Similar research investigating the influence of seasonal changes on the clinical manifestation of rheumatoid arthritis (RA) has been previously reported. These results underscored an increase in disease activity among patients with RA during the spring, with results demonstrating the highest disease activity in the upper and lower extremities during these months. However, this study also identified fall as exhibiting the highest remission rates, with a significant difference in the Disease Activity Score-28 with C-reactive protein (DAS28-CRP) observed for fall compared with spring and winter, which does not align with the results extrapolated from the current study.2
To evaluate the seasonal variations in PROs in patients with inflammatory arthritis, investigators identified subjects using data from adults with RA, psoriatic arthritis (PsA), ankylosing spondylitis (AS), and systemic lupus erythematosus (SLE) registered in the Forward Databank registry. Biannual questionnaires were completed using Patient Activity Score-II (PAS-II) measurements from 1998 to 2023. The primary outcome was PAS-II, averaging the patient global visual analog scale (VAS), pain VAS, and the Health Assessment Questionnaire-II (HAQ-II), and used the season as the exposure. If data from the HAQ-II were missing, investigators substituted the HAQ Disability Index (HAQ-DI) for PAS-II imputation.
Patients were evaluated at baseline and by season, and investigators averaged the available PROs. Various models adjusted for clinical variables, PROs including fatigue and sleep, comorbidities, demographics, and treatment.

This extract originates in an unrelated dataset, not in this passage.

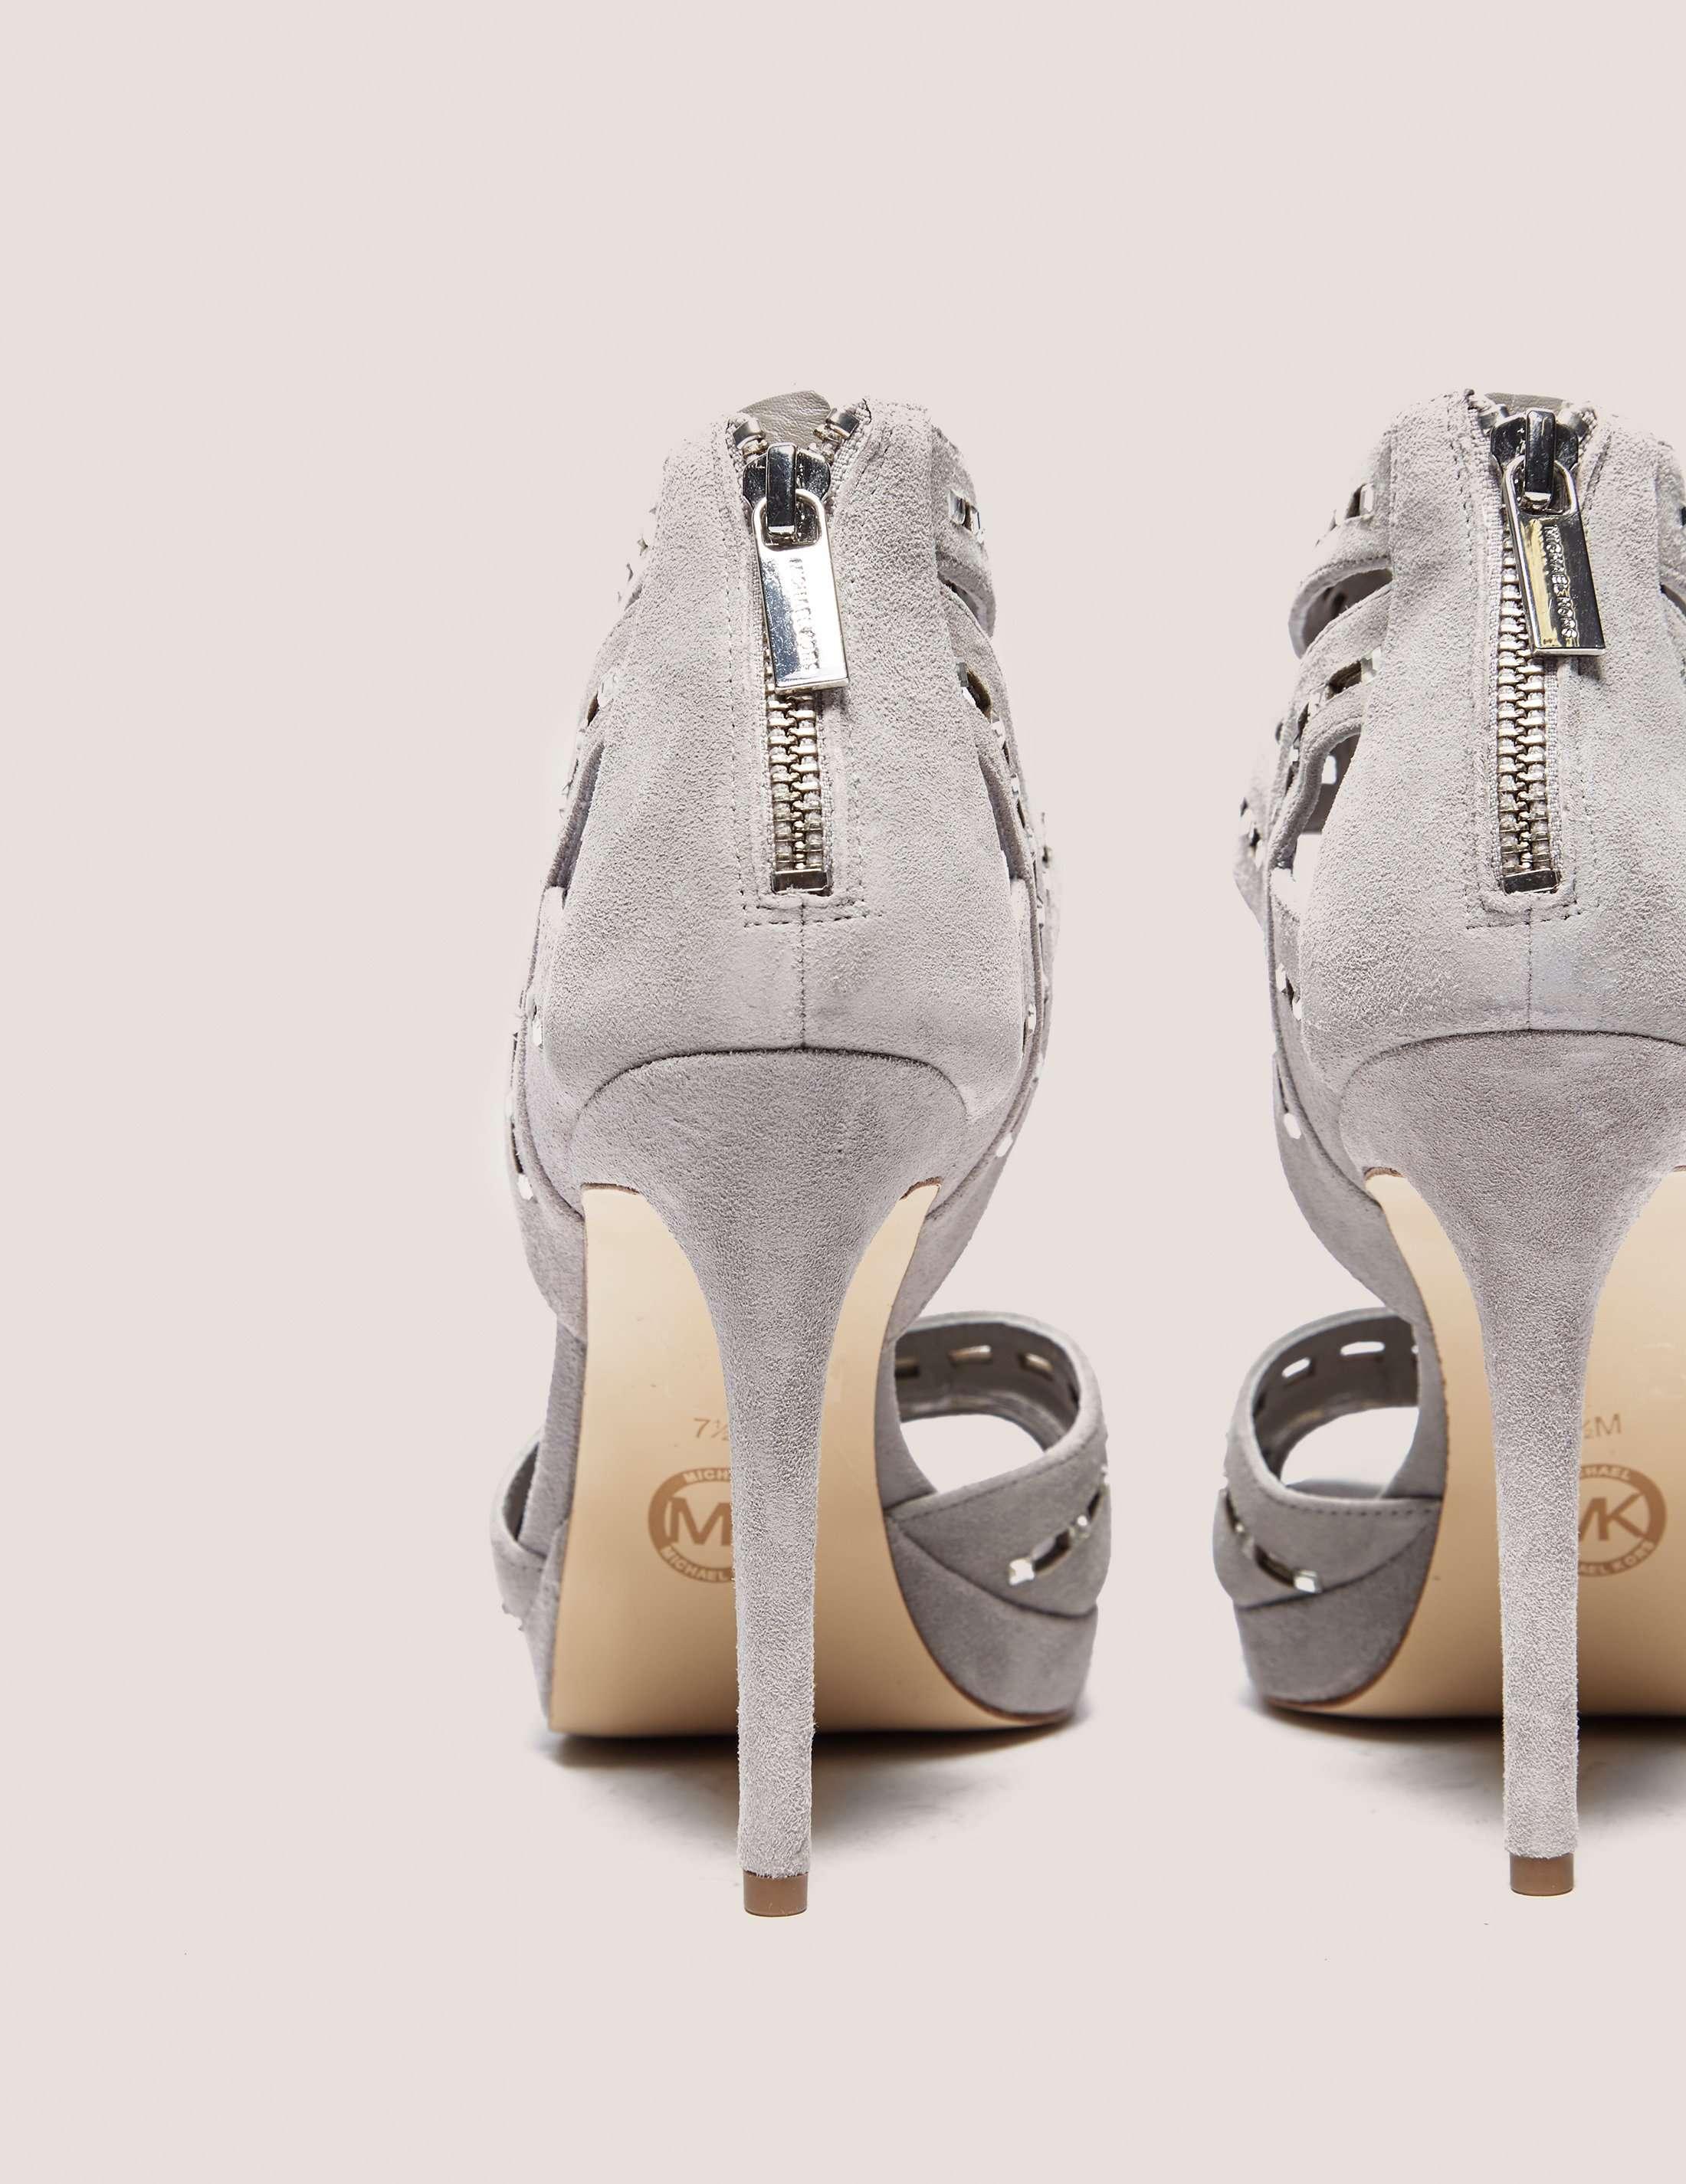 Michael Kors Honey Sandals

In total, 47,052 subjects contributed to 406.215 observations during this period. The mean age of patients was 58 years, 19% were male, and most (84%) had RA. Higher PROs, which were indicative of worse disease activity, were more likely to be reported in the spring and fall months. The quasi-likelihood under the independence model criterion (QIC) scores decreased with the addition of more variables, demonstrating the increasing strength of the correlation structure
No differences in PAS-II were observed between winter and summer, although spring and fall reported the highest coefficients in Model 1 (season), with a difference in PAS-II of .13 (95% CI 0.11 – 0.14) and .10 (95% CI 0.09 – 0.12) higher, respectively, when compared with the summer months. Similar findings were observed through Model 5. However, Model 5 showed the same coefficient impact on PAS-II estimates for the winter, spring, and fall seasons, with only a .04 increase in PAS2 when compared with summer.
Investigators noted the most important factors for predicting seasonal variation of PAS-II scores were fatigue (Z-score 149), sleep (Z-score 74.86), education (Z-score -34.91), the duration of arthritis (Z-score 21.53), employment (Z-score -22.45), and treatment with prednisone (Z-sore 22.7).
“Future work will explore SAD and inflammation components, using varied outcomes and consider regional weather,” investigators concluded.